In exactly the same way I can add more search engines to translate between different languages.  It’s even possible to use “auto” as the source language for Google Translate to figure out in which language the original word or phrase is.  And, of course, you don’t have to limit yourself to Google Translate search engines only.  I have search engines defined for PHP functions lookup, Wikipedia and IMDb searches, and more.  The trick is to find the search URL by performing the actual search on the site that you want to add, and then replace the search query with “%s”.  That’s all. Enjoy!

Google Docs, Google Translate, and the Web integration

Google Docs recently got a pretty exciting feature – integration with Google Translate.  But as exciting as it is, if you combine the new functionality with some bits of the previously available functionality, you can get truly mind-blowing results.

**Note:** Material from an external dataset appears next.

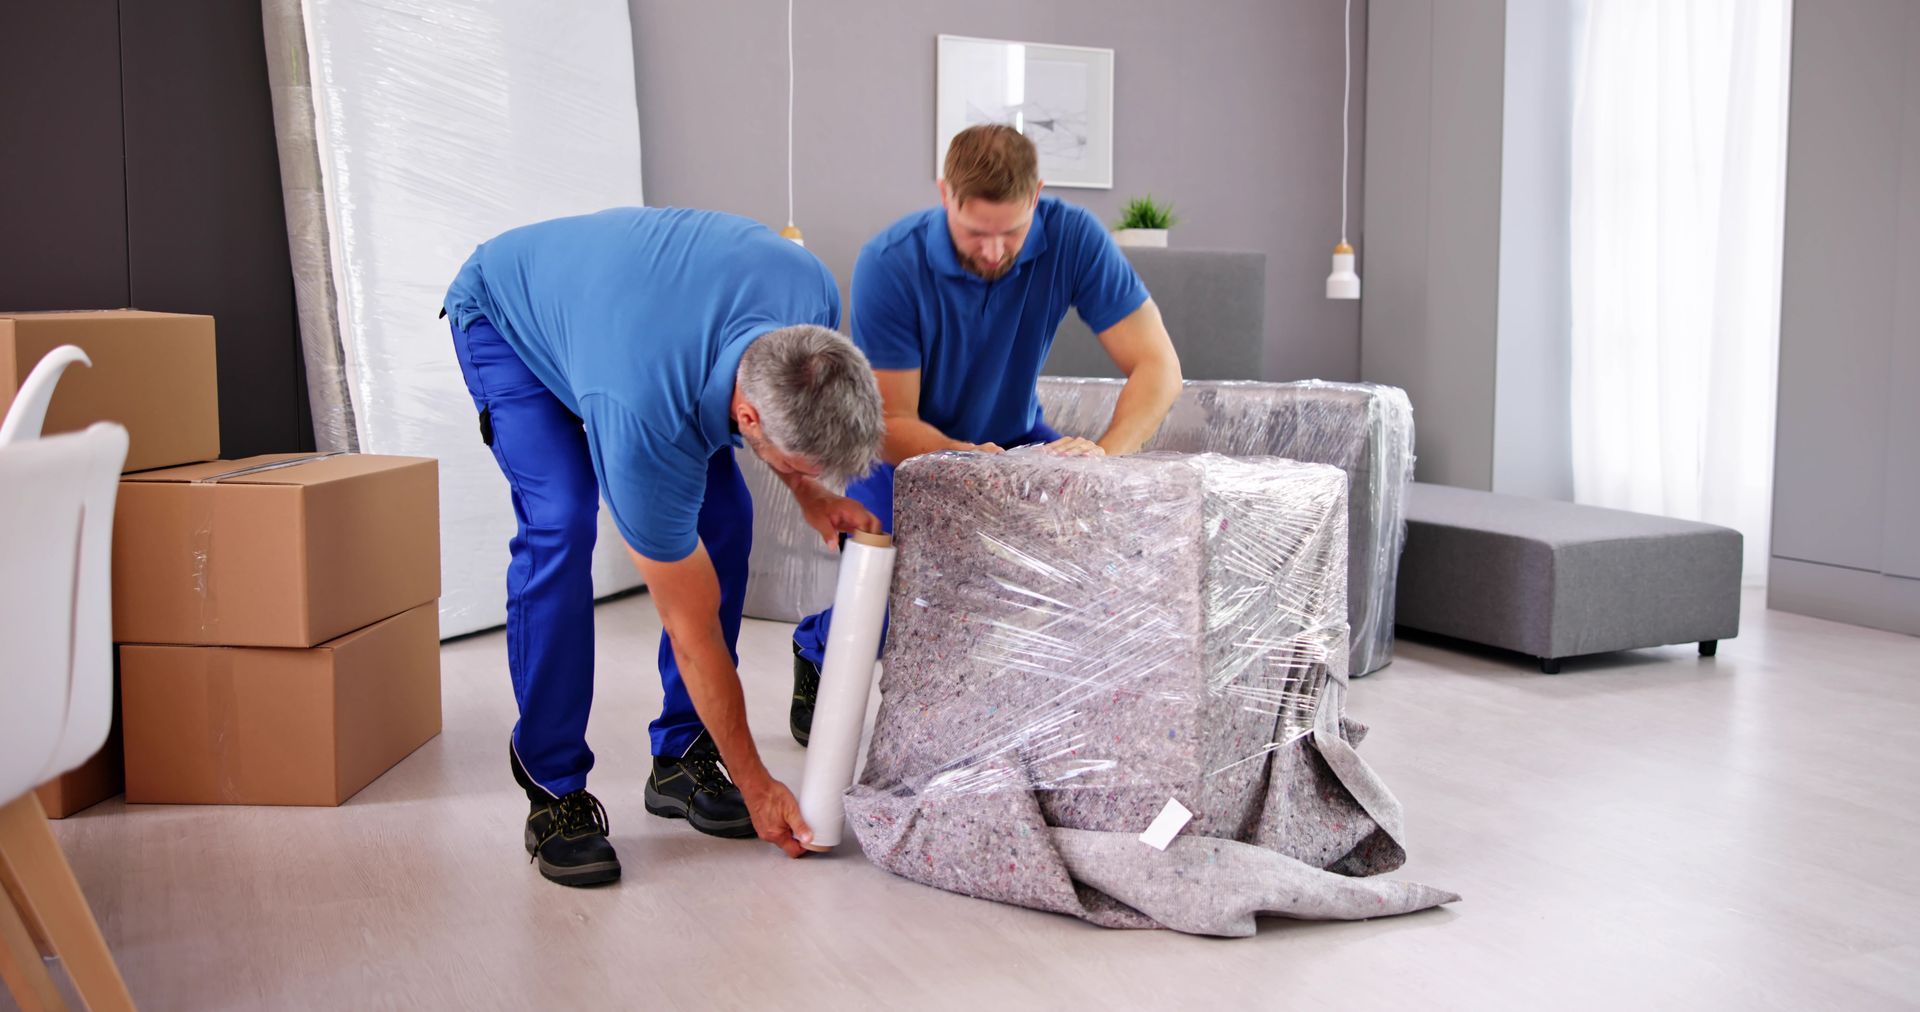 two men are wrapping a couch in plastic wrap in a living room .

Consider an example.  You have a feedback form on your web site.  You fanatically collect responses and study them to make your web site better.  The problem however is that some of the questions that you ask in your feedback form are open-ended.  Meaning that people can write whatever they want in there.  And more often than you would like to,  people fill those fields in their native language.  Which might be very different from anything that you can understand.  This forces you to guess which language was used for each response, and then translate them one by one.  Needless to say, that takes a lot of time and effort.

One of the solutions to this problem can be achieved with Google Docs.  For some time now, Google Docs had Form functionality, where you could built pretty much any form you needed, and then easily integrate it with your web site.

If you don’t know how, go to Google Docs and select Form from the Create New menu.  Using a very user-friendly wizard build the form.  When you are done, open Form’s More Actions menu and select Embed.  This will give you a pop-up window with a little HTML code snippet.  Copy this code and paste it into your web site.

Google Docs Form

Whenever someone submits your new feedback form, the results will automatically go into a special spreadsheet in your Google Docs account.  You can see this spreadsheet by navigating to See responses menu in your Form editing screen and selecting Spreadsheet.

Google Docs Spreadsheet

All you need to do now is add two columns for each form field that you want to translate in this spreadsheet (I tried a single-column solution, but for some reason it didn’t work for me).  One will keep the auto-detected language of the form field submission, and another will keep the translation of the submitted field to the language that you understand.  Here is how you do it.

First, fill out and submit the feedback form yourself.  By doing so, you’ll make sure that the form is correct, all fields make sense, the HTML code is right, and that you are able to see the responses.  You’ll also have some sample data in your spreadsheet which will make your life easier.

Secondly, next to the column with the field value in the foreign language write a formula to guess the language.  If your field value is in cell B2, add =DetectLanguage(B2) to cell C2 and =GoogleTranslate(B2, C2, “en”) to cell D2.  Now, if you get some Russian text in B2, cell C2 wil lshow “ru” and cell D2 will show the English translation of the Russian text.

The only minor issue with resulting spreadsheet is that when  you get more submissions of your feedback form, language detection and translations are not done automatically.  But since we used the formulas in the cells, all we need to do to get those new submissions translated is drag and drop the formulas down to the new table rows.

While this is not exactly perfect, it is still a substantial improvement to the manual process used earlier.

P.S.: And so just that you know, it is entirely possible and in fact very easy to publish the spreadsheet back at your web site (for example, in password-protected area for your site administrators to see).  Every time the spreadsheet will be updated, the changes will be automatically reflected on your site as well.